Traceback (most recent call last):
File “/home/ubuntu/python_virtual_env/nmt_training_env/bin/onmt_train”, line 8, in
sys.exit(main())
File “/home/ubuntu/python_virtual_env/nmt_training_env/lib/python3.6/site-packages/onmt/bin/train.py”, line 169, in main
train(opt)
File “/home/ubuntu/python_virtual_env/nmt_training_env/lib/python3.6/site-packages/onmt/bin/train.py”, line 103, in train
checkpoint, fields, transforms_cls = _init_train(opt)
File “/home/ubuntu/python_virtual_env/nmt_training_env/lib/python3.6/site-packages/onmt/bin/train.py”, line 80, in _init_train
fields, transforms_cls = prepare_fields_transforms(opt)
File “/home/ubuntu/python_virtual_env/nmt_training_env/lib/python3.6/site-packages/onmt/bin/train.py”, line 34, in prepare_fields_transforms
opt, src_specials=specials[‘src’], tgt_specials=specials[‘tgt’])
File “/home/ubuntu/python_virtual_env/nmt_training_env/lib/python3.6/site-packages/onmt/inputters/fields.py”, line 34, in build_dynamic_fields
min_freq=opts.src_words_min_frequency)
File “/home/ubuntu/python_virtual_env/nmt_training_env/lib/python3.6/site-packages/onmt/inputters/inputter.py”, line 309, in _load_vocab
for token, count in vocab:
ValueError: not enough values to unpack (expected 2, got 1)
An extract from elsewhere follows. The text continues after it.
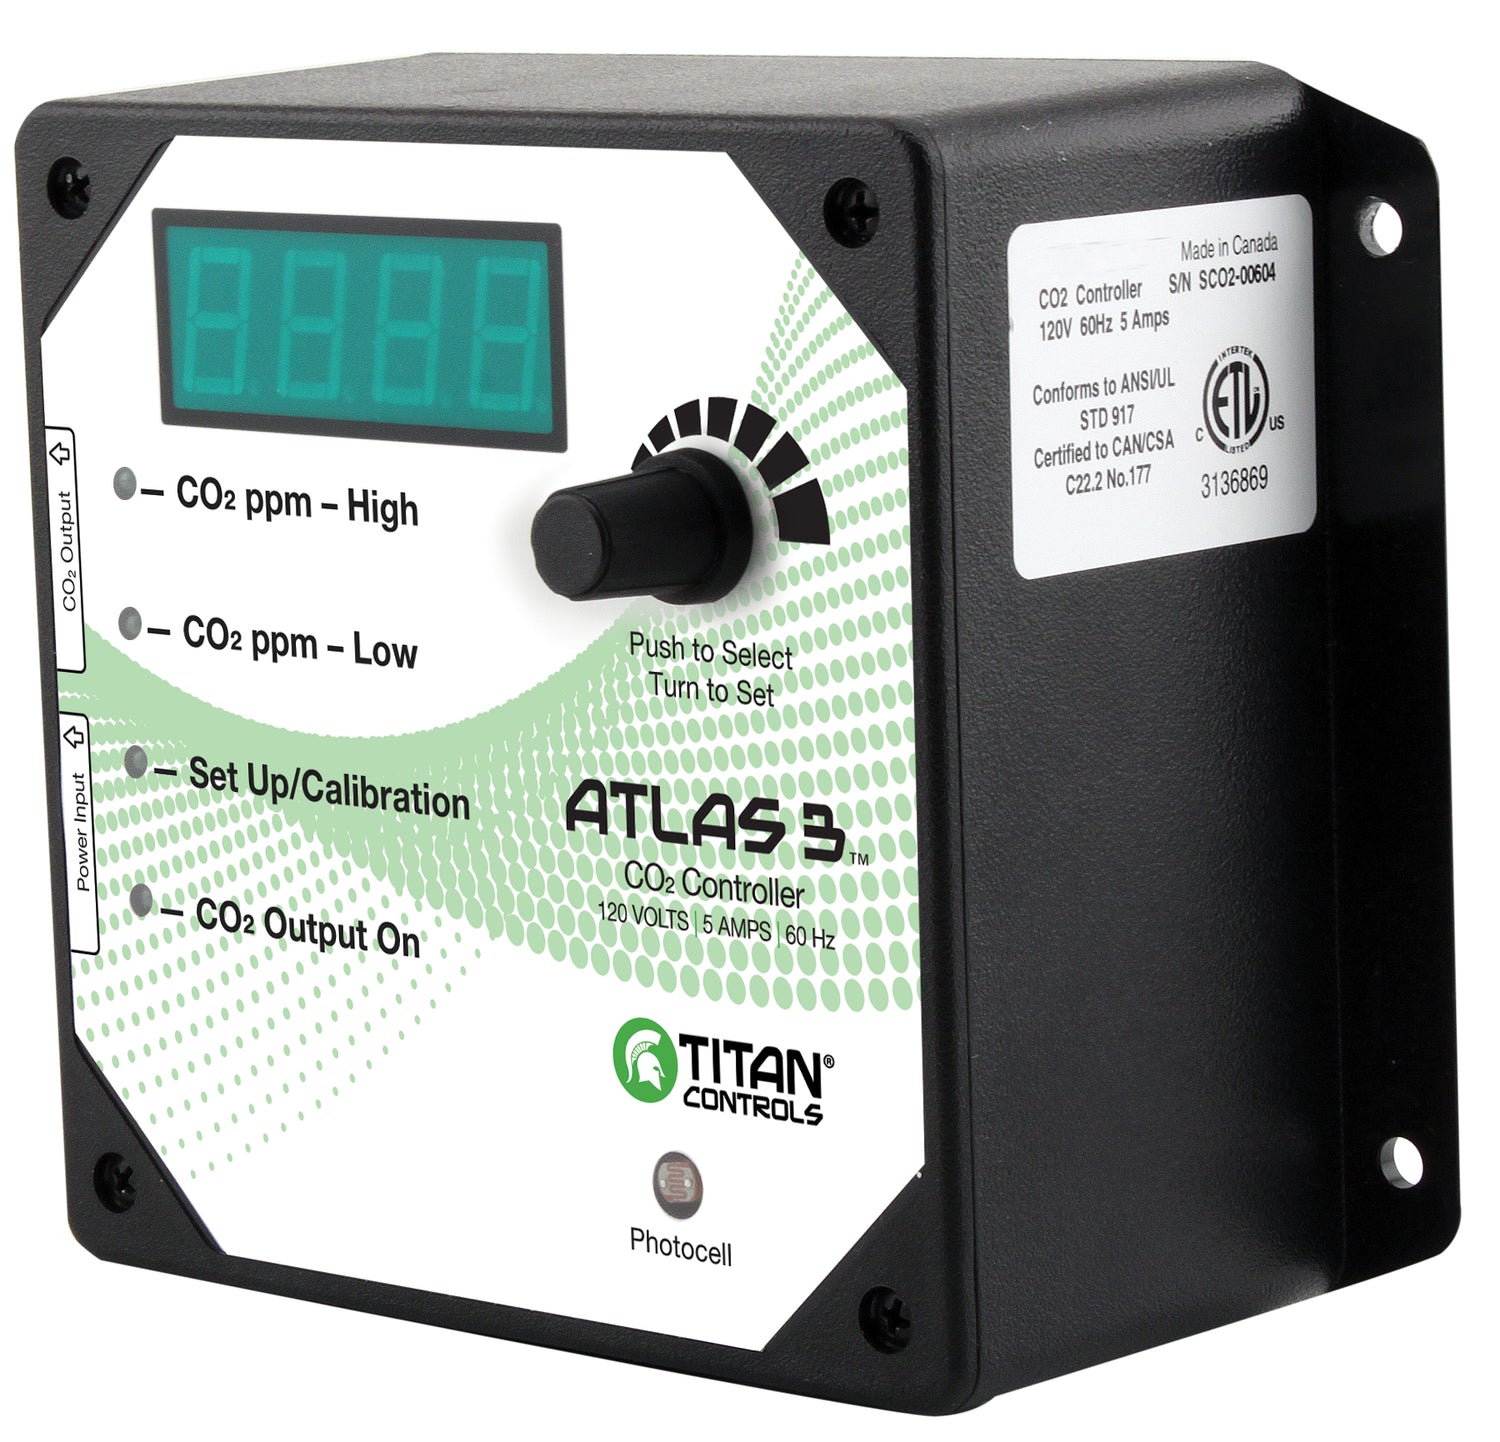 Titan Controls® Atlas® 3 - Day/Night CO2 Monitor/Controller

Havent been able to figure it out why it is happening.
data:
corpus:
path_src: data/src_train.txt
path_tgt: data/tgt_train.txt
transforms: [sentencepiece,filtertoolong]
valid:
path_src: data/src_dev.txt
path_tgt: data/tgt_dev.txt
transforms: [sentencepiece,filtertoolong]
src_subword_model: model/sentencepiece_models/en_32000.model
tgt_subword_model: model/sentencepiece_models/ta_32000.model
src_seq_length: 200
tgt_seq_length: 200
skip_empty_level: silent
save_model: model/model_
save_checkpoint_steps: 10000
train_steps: 150000
valid_steps: 10000
tensorboard: true
tensorboard_log_dir: runs/onmt
world_size: 1
gpu_ranks: [0]
batch_type: “tokens”
batch_size: 4096
max_generator_batches: 2
accum_count: [2]
normalization: “tokens”
optim: “adam”
learning_rate: 0.25
adam_beta2: 0.998
decay_method: “noam”
warmup_steps: 8000
max_grad_norm: 0
param_init: 0
param_init_glorot: true
label_smoothing: 0.1
encoder_type: transformer
decoder_type: transformer
layers: 6
heads: 8
rnn_size: 512
word_vec_size: 512
transformer_ff: 2048
dropout: [0.1]
position_encoding: true